Why You Need a Cloud Data Council

A cloud data council is essential to maximizing the benefits of cloud data services while minimizing risk and cost

Light bulb sheds new light

The cloud is becoming the de facto choice for hosting data and analytics, with Forrester Research reporting that almost half of all organizations are complementing their in-house platforms with cloud services. Gartner Inc. predicts the worldwide public cloud services market will grow 17% this year to $266.4 billion, declaring that cloud adoption has become “mainstream.”

These cloud technologies generate unique and differentiated insights into everything from market trends to the health of industrial equipment. Enterprises can use these to cut costs, improve product quality, increase customer satisfaction, and build new revenue streams.

A truck manufacturer, for example, could use location and driver behavior data to help fleet managers fine-tune their routes and improve training. A maker of smart bandages could use data about a patient’s condition to help them better manage their care. Cloud-based technologies such as data lakes make such services possible by analyzing larger quantities of both structured and unstructured data in new ways and making the insights available to more stakeholders.

Cloud technologies also eliminate the need to buy and manage in-house IT infrastructure, reduce businesses’ technical debt, and enable them to more quickly scale to compete in a digital economy.

But moving to the cloud is not a simple “lift and shift” operation. The cloud can rapidly scale to store much more data, from many more sources, than in-house data centers. That data will be used in multiple ways by many more internal and external users. This requires careful management to assure that data is secure and compliant and that the investment is done most efficiently, storing only the highest-priority data on the fastest but most expensive platforms.   

A cloud data council is essential to maximizing the benefits of cloud data services while minimizing risk and cost. It can help understaffed IT departments understand how business-critical data moves within and outside the corporate firewall, including time-sensitive data flows from mobile devices and sensors on the Internet of Things (IoT). It can drive adoption of and assure the most efficient use of cloud data services, but requires broad involvement from business stakeholders that may include legal, lines of business, and compliance as well as IT and Data Science leaders.

Cloud Data Council Essentials

A cloud data council should perform five essential governance roles:

  1. Assuring proper security and compliance, implementing policies ranging from encryption to data access and deletion. The cloud provider can often provide security to the infrastructure-as-a-service layer, while the business manages application-level security as access control and authentication.
  2. Democratizing data access and providing flexible data access through open platforms and marketplaces in which multiple organizations can share data.
  3. Collaborating with other functions such as procurement to assure the most cost-effective use of cloud resources.
  4. Providing best practices for collaboration within and outside the enterprise to solve business problems.
  5. Creating and managing processes, workflows, and metrics to ensure the council executes its cloud data modernization plans, monitors their results, and adjusts them as needed.
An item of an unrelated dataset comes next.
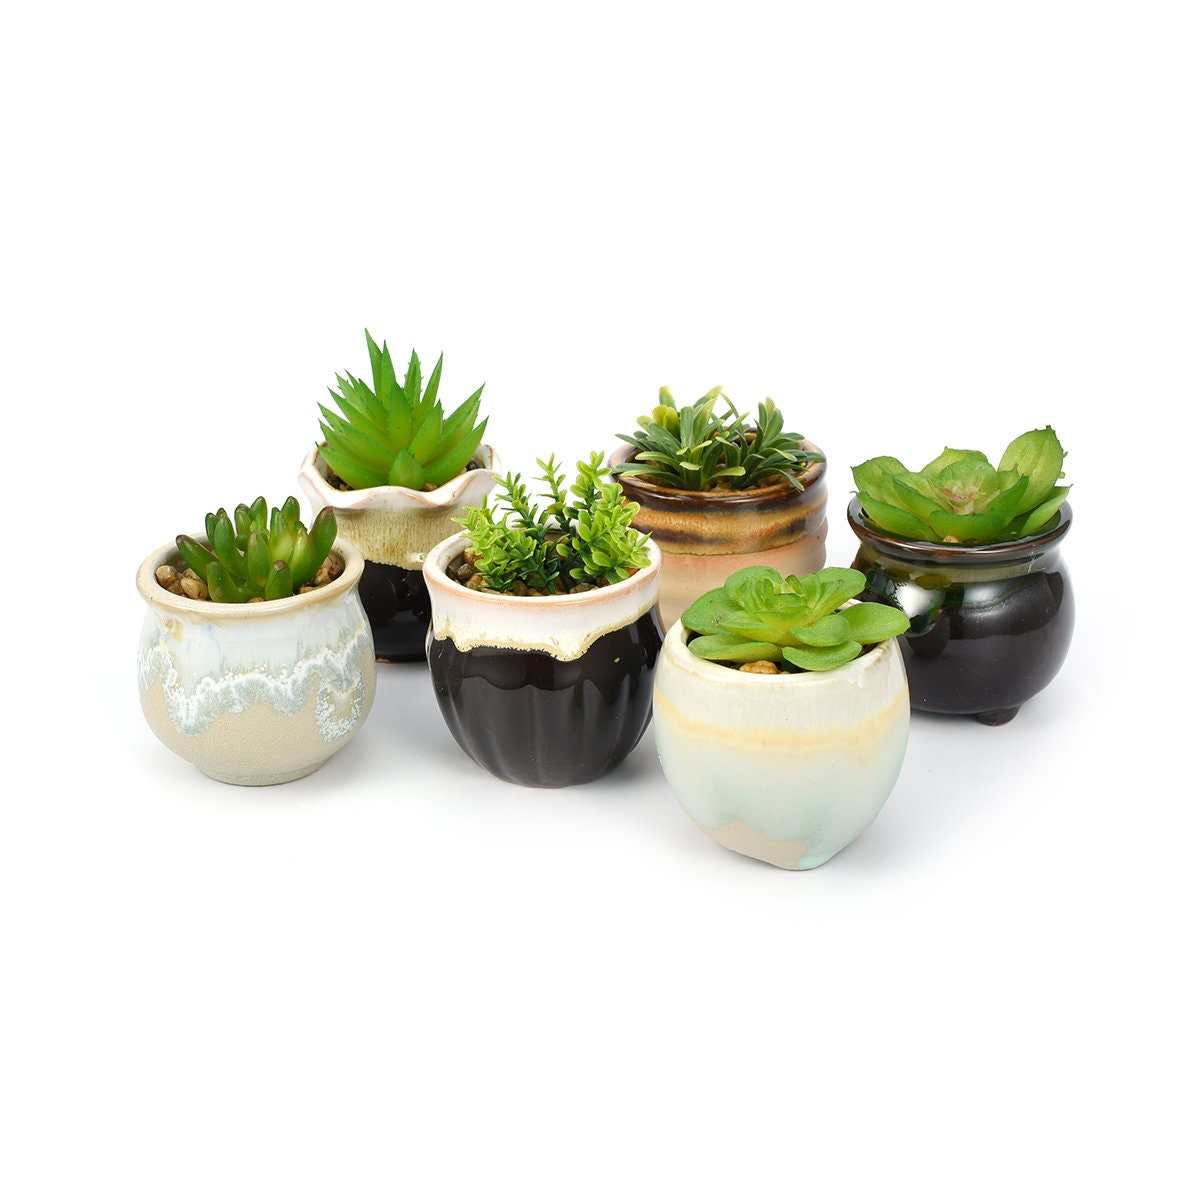 SET OF SIX Glazed Ceramic Planters, Succulent Planters, Small Ceramic  Planters, Glazed Pots, Small Ceramic Pots, Tiny Ceramic Vases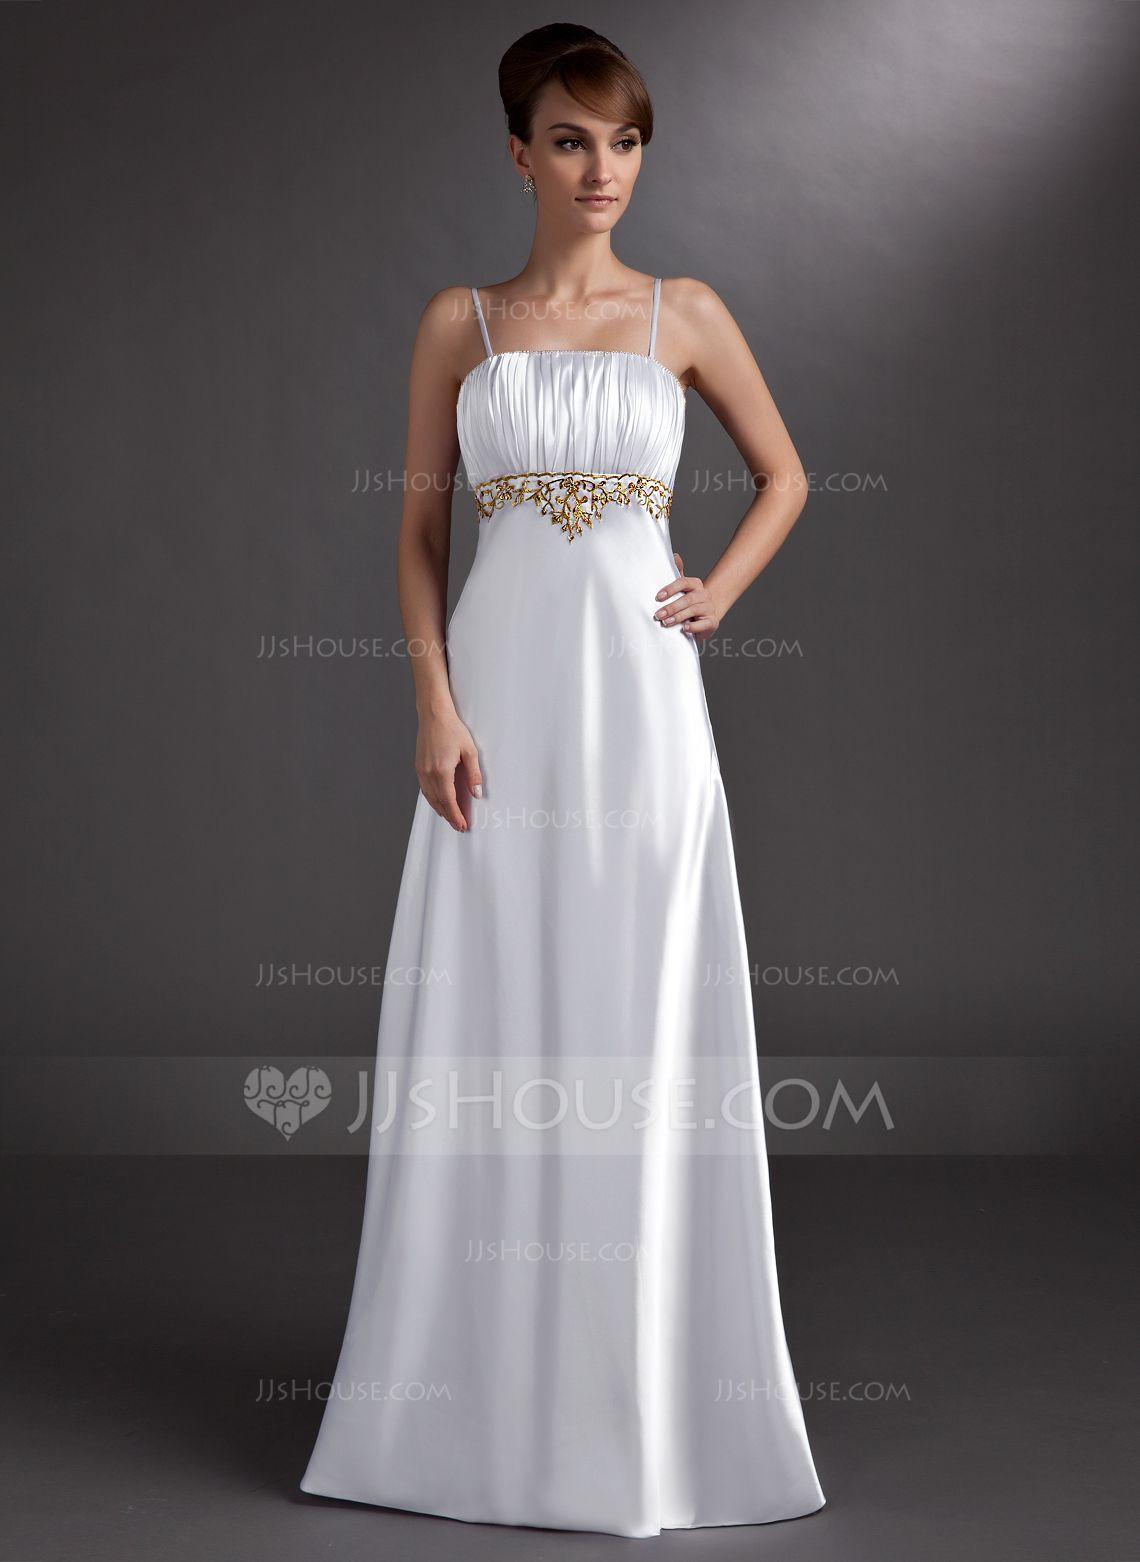 CEEWHY Abendkleider Dubai Evening Dress Floor Length

To meet these goals, a cloud data council should include senior representatives from functions including:  

  • Risk management, to provide a global perspective on the risk versus the value of sharing data with customers or business partners.
  • Business operations, to understand how new ways of sharing and using data will affect every day processes.
  • Data analytics, to understand what’s possible with the latest data analytics tools and what is required to use them effectively.
  • Security, to assess the capabilities and vulnerabilities of cloud providers as well as business partners with whom you may share data.
  • Finance, to understand how “on demand” cloud spending affects budgets and to help identify how data can be used as a saleable asset. The finance function can also tap the cloud’s ability to track how different business units use cloud resources, allowing more accurate  chargeback of cloud spending and more precise measurement of ROI.  
  • Lines of business, to focus cloud spending on increasing innovation, reducing costs, maximizing customer retention, and creating new revenue flows and business models.
  • Cloud data providers, who can provide guidance on what data is best moved to the cloud and how to tap it in innovative ways based on the experience of other customers.
  • Professional services firms, who can advise which features from which cloud providers can best meet your needs. For example, we recently advised a customer to move just their optical character recognition function to a different cloud provider to achieve greater scanning accuracy.

Begin Your Cloud Data Council Journey

The first step in creating a cloud data council is working with a partner to assess your current level of cloud adoption and the challenges you’re facing in cost management, security and compliance, data sharing and collaboration. Next, decide which of these is the most critical, and create a road map for how your data council can help you reach those goals.  

Today, many de facto cloud data councils perform limited functions such as monitoring cloud usage and security and creating policies and governance structures. As your cloud usage becomes more mature, we see these councils developing a deeper understanding of:  

  • How to quickly identify and change potentially wasteful practices and policies.
  • Best practices in collaborating with business, IT, and finance stakeholders.
  • Benchmarking costs against others in the industry.
  • How to prove that insights driven from enterprise and external data drive faster and better decision making.
  • How enterprises can invest in newer business models to generate additional revenue streams.

Successful digital organizations use modern cloud platforms in ways never before possible. But to drive the maximum business value from them, they need to expand the membership, scope, and skills of the stakeholders that manage their data.